These 3 factors will propel CSE Global

Positive developments will lead to upswing.

CSE Global will likely benefit from the ongoing recovery following the Macondo oil spill incident in the Gulf of Mexico where it has significant exposure, according to OCBC Investment Research.

The company will also be boosted by the liberalisation of the Mexican oil and gas market, as well as increasing positive sentiment within the subsea sector.

Here's more from OCBC:

Focusing largely on the oil and gas sector. Following the successful divestment of CSE Global’s entire shareholding interest in Servelec Group in Dec last year, we believe management will focus on driving its growth largely from the oil and gas sector. This sector contributed 75% of CSE’s total revenue from continuing operations in FY13. Oil and gas related activities remain at healthy levels in most regions, in our view. CSE has significant exposure to the Gulf of Mexico (both the U.S. and Mexico side), and we expect the group to benefit from the on-going recovery following the ill-fated Macondo oil spill incident and the imminent liberalisation of the Mexican oil and gas market. There is also positive sentiment within the subsea sector. Market watcher Infield Systems has forecasted subsea capex to grow at a robust 15% CAGR from US$19b in 2013 to US$33.3b in 2017. CSE provides control systems for its subsea customers. Its order book stood at S$227.2m (as at 31 Dec 2013), a decline of 18.4% as compared to end FY12. However, management highlighted that this consists of higher quality projects and hence could augur well for its FY14 gross margins.

No further provisions for project cost overruns expected. CSE’s FY13 bottomline took a hit as it made provisions for project cost overruns amounting to S$8.1m.
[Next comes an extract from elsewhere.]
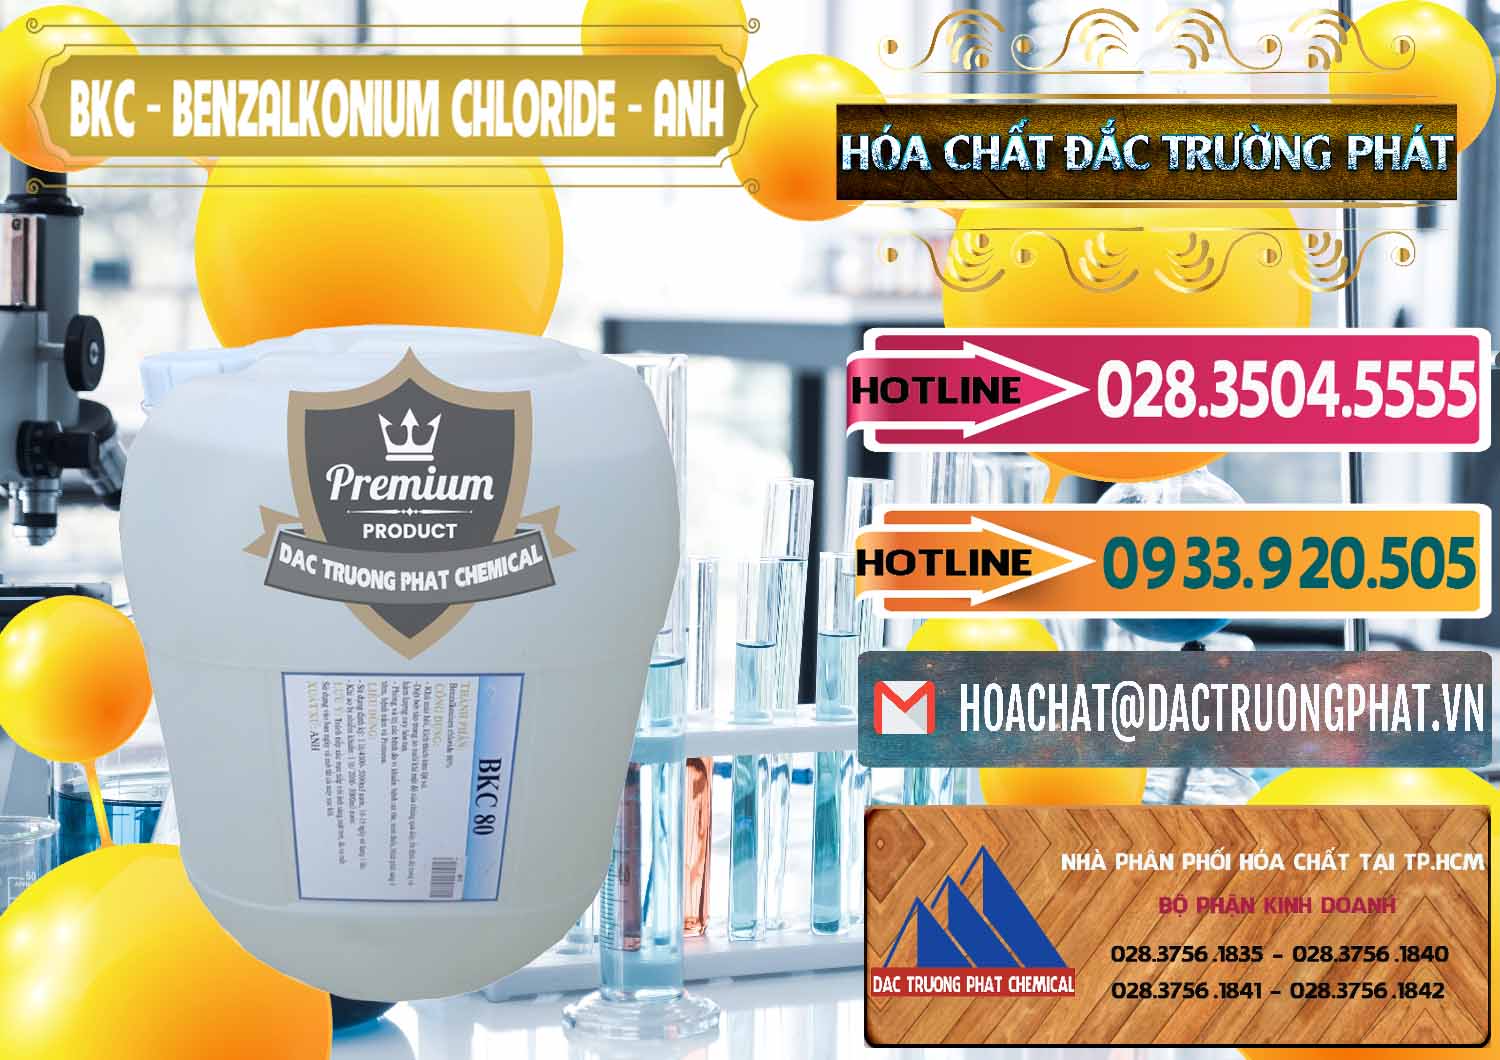 Đơn vị chuyên phân phối _ bán BKC - Benzalkonium Chloride Anh Quốc Uk Kingdoms - 0415 - Nơi chuyên nhập khẩu & phân phối hóa chất tại TP.HCM - dactruongphat.vn

Looking ahead, management is hopeful that it will not have to make further provisions for this Middle-Eastern project in 2014, as it has provided some buffer in terms of assumed project completion timeline when making its provisions.

Maintain BUY. We re-work our assumptions following a change in analyst coverage, and now forecast CSE to register core PATMI growth of 18.7% and 9.3% in FY14 and FY15, respectively. We are expecting a backend-loaded FY14 due to the timing of certain key projects and expectations of new order wins in 2H14. Applying a 9x target PER peg to our FY14 EPS forecast, we derive a fair value estimate of S$0.63 (previously S$0.96 before the Servelec Group divestment). Maintain BUY.